Creating a data driven culture is a process that doesn’t just happen overnight. I would love to hear what you (or others in your org) did to drive data adoption?

Did you hold a monthly team meeting where you shared metrics, did you give your team templates, did you make building a dashboard a part of the official JIRA launch process, did you hold a competition for the person who ran the most queries?

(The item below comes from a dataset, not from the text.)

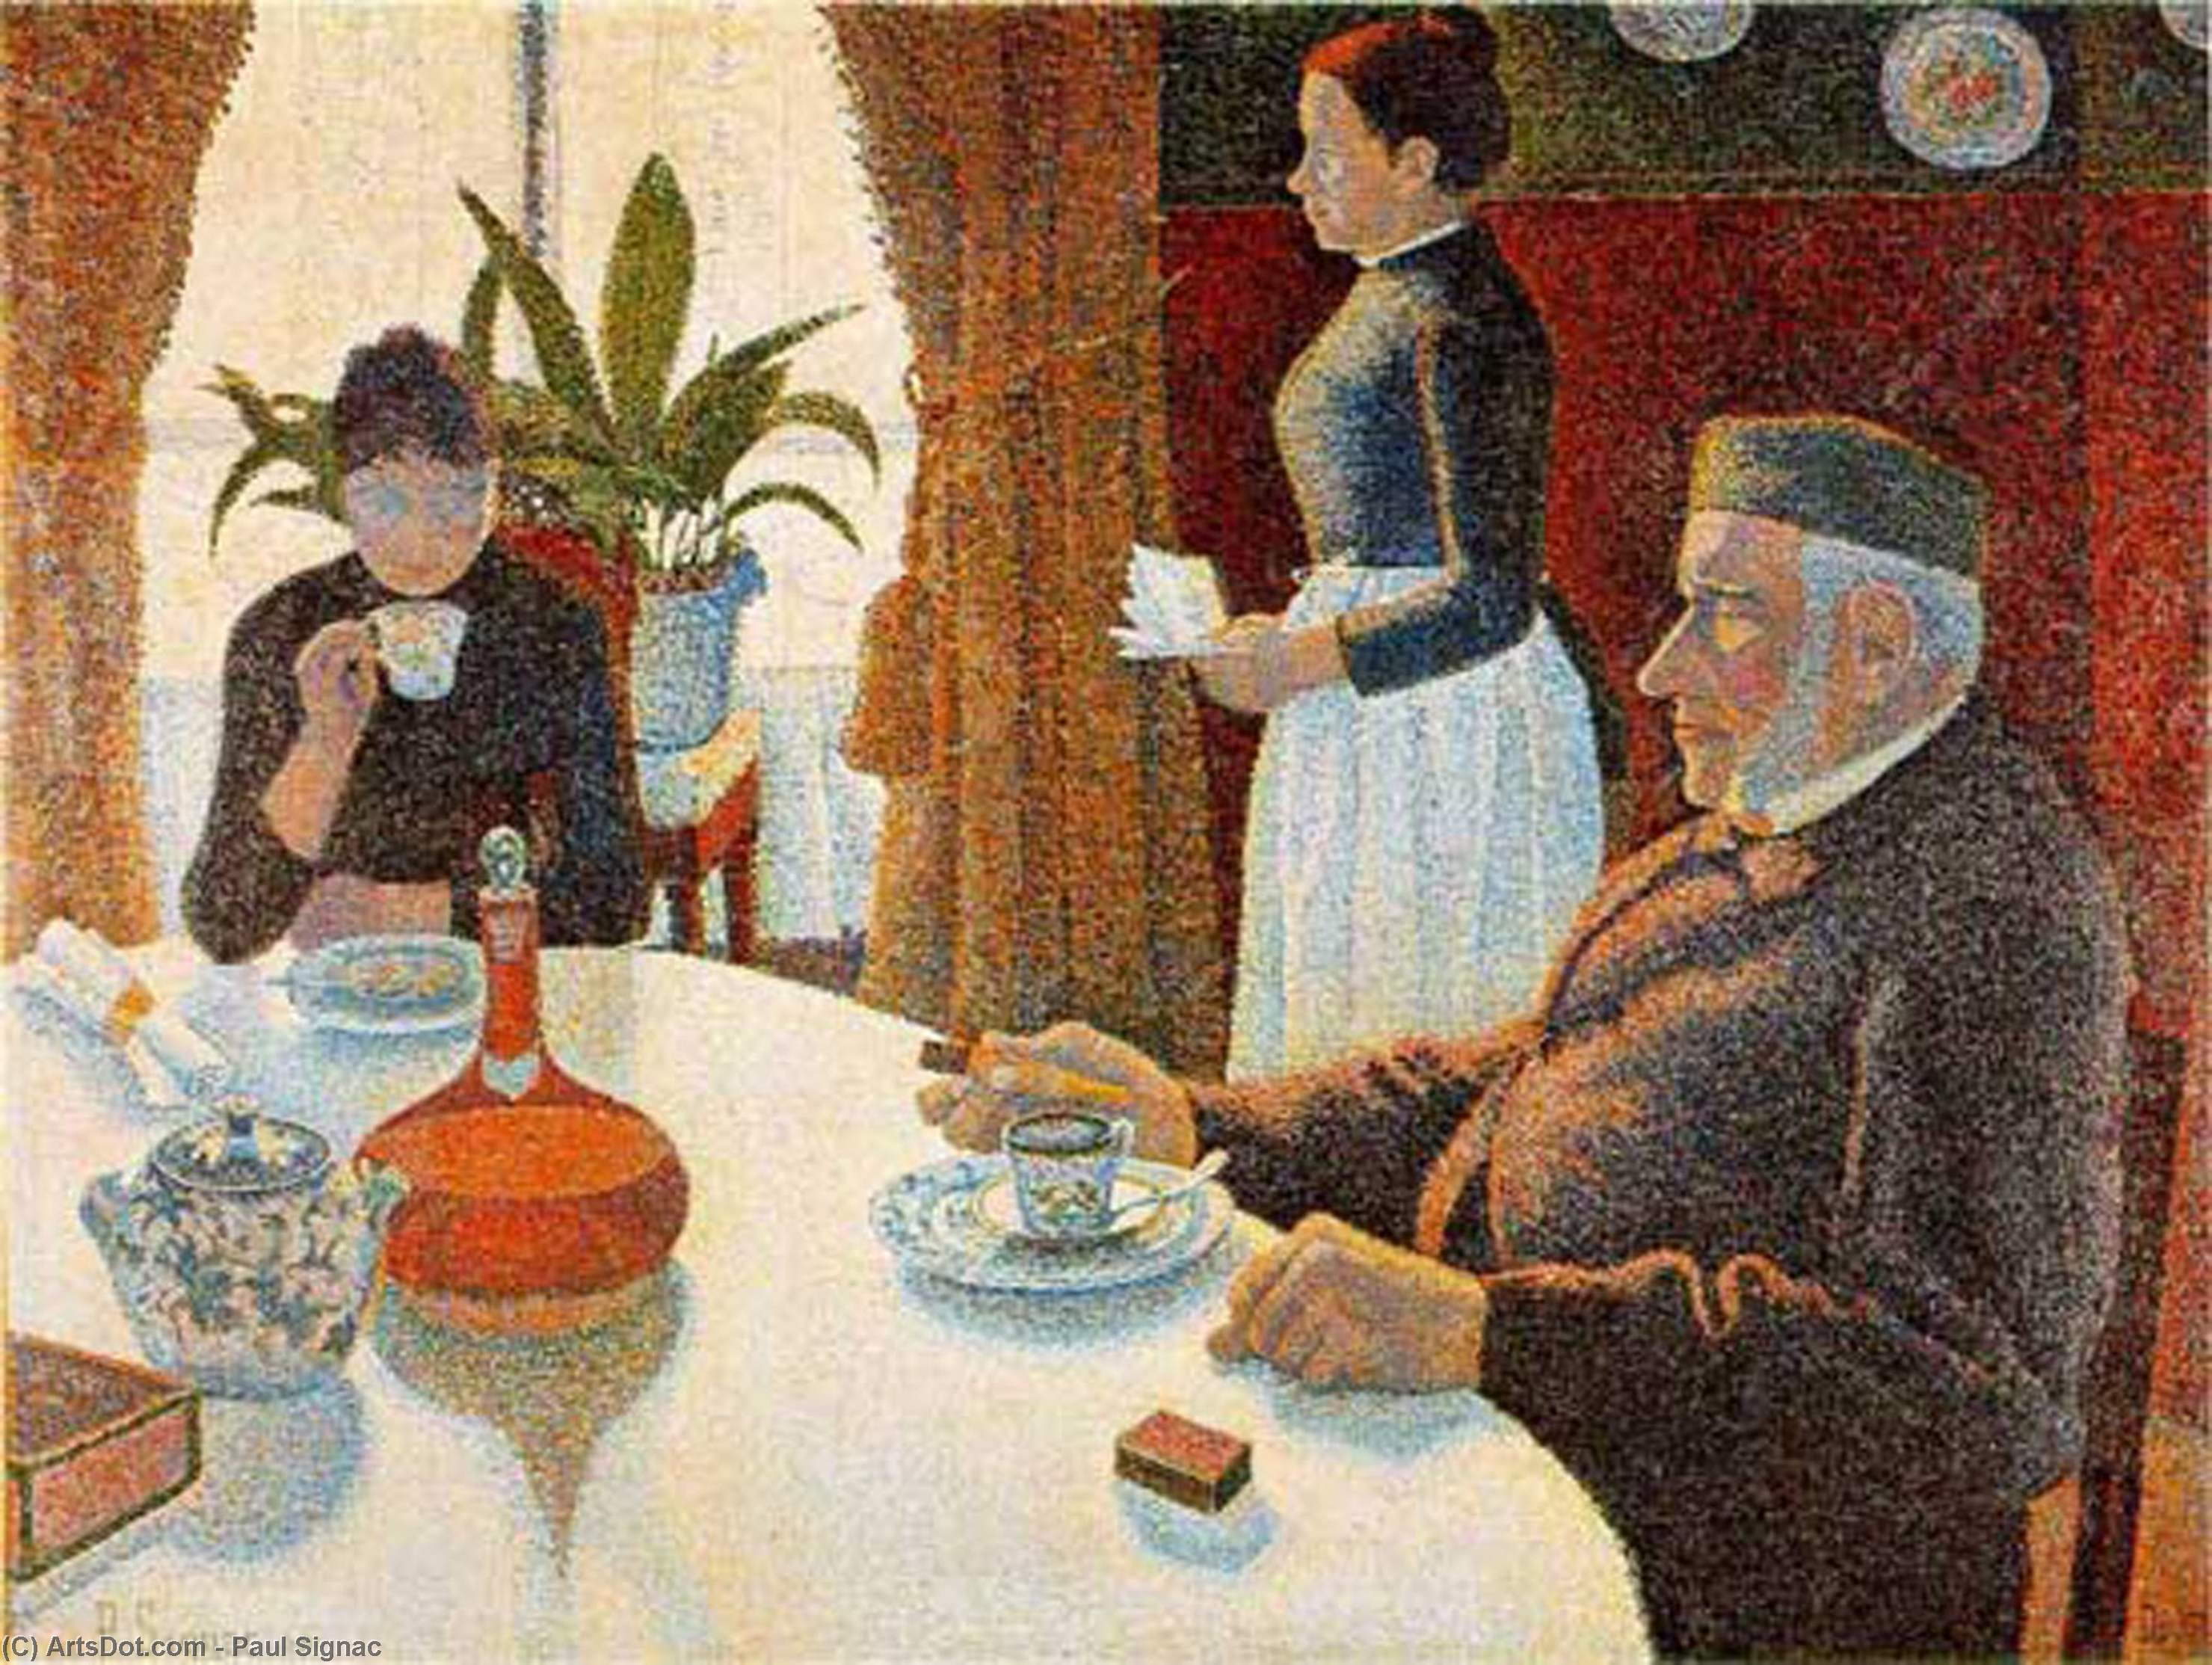 Breakfast (The Dining Room) - Paul Signac

Any and all ideas would be appreciated!

 


8 replies

Userlevel 3
Badge +2

I’m also curious if there are templates that folks use (for Heap dashboards, meeting agendas, review slide decks) that work well. We’ve successfully used After-Action reports, for example. (Download the template at that link.)

 

The AARs have been helpful not only creating a data-informed culture, but also with embracing a Growth Mindset and continually learning.

Userlevel 2
Badge +1

Driving data adoption is an ongoing and quite honestly never-ending process, if you want it to be successful over the long-term. We started from square one both with Heap and an introducing the overall concept of what it means to use data to inform business decisions. We have utilized a few different ways of weaving data into the everyday fabric from holding open Office Hours to using a dedicated Slack channel, to having countless one-on-one chats with business partners about what Heap can do for them. Heap, as a tool, is a big part of the process; however, what can be even more important is that the users and interpreters of the data truly understand what they are seeing and their recommendations are sound. As the lead analyst for this tool, I have been very active in educating users on how to read a funnel versus a graph, or how to create insightful business questions that are measured by informative metrics. I often ask the question “why” as in “why do you need to know that piece of information - what is it going to teach you about your product/service/user?” People often latch on to ‘vanity metrics’ or metrics they think will make them look good - something like ‘time on site’ or ‘time on page’. These metrics as standalone numbers can be extremely misleading - it all depends upon the interpretation. 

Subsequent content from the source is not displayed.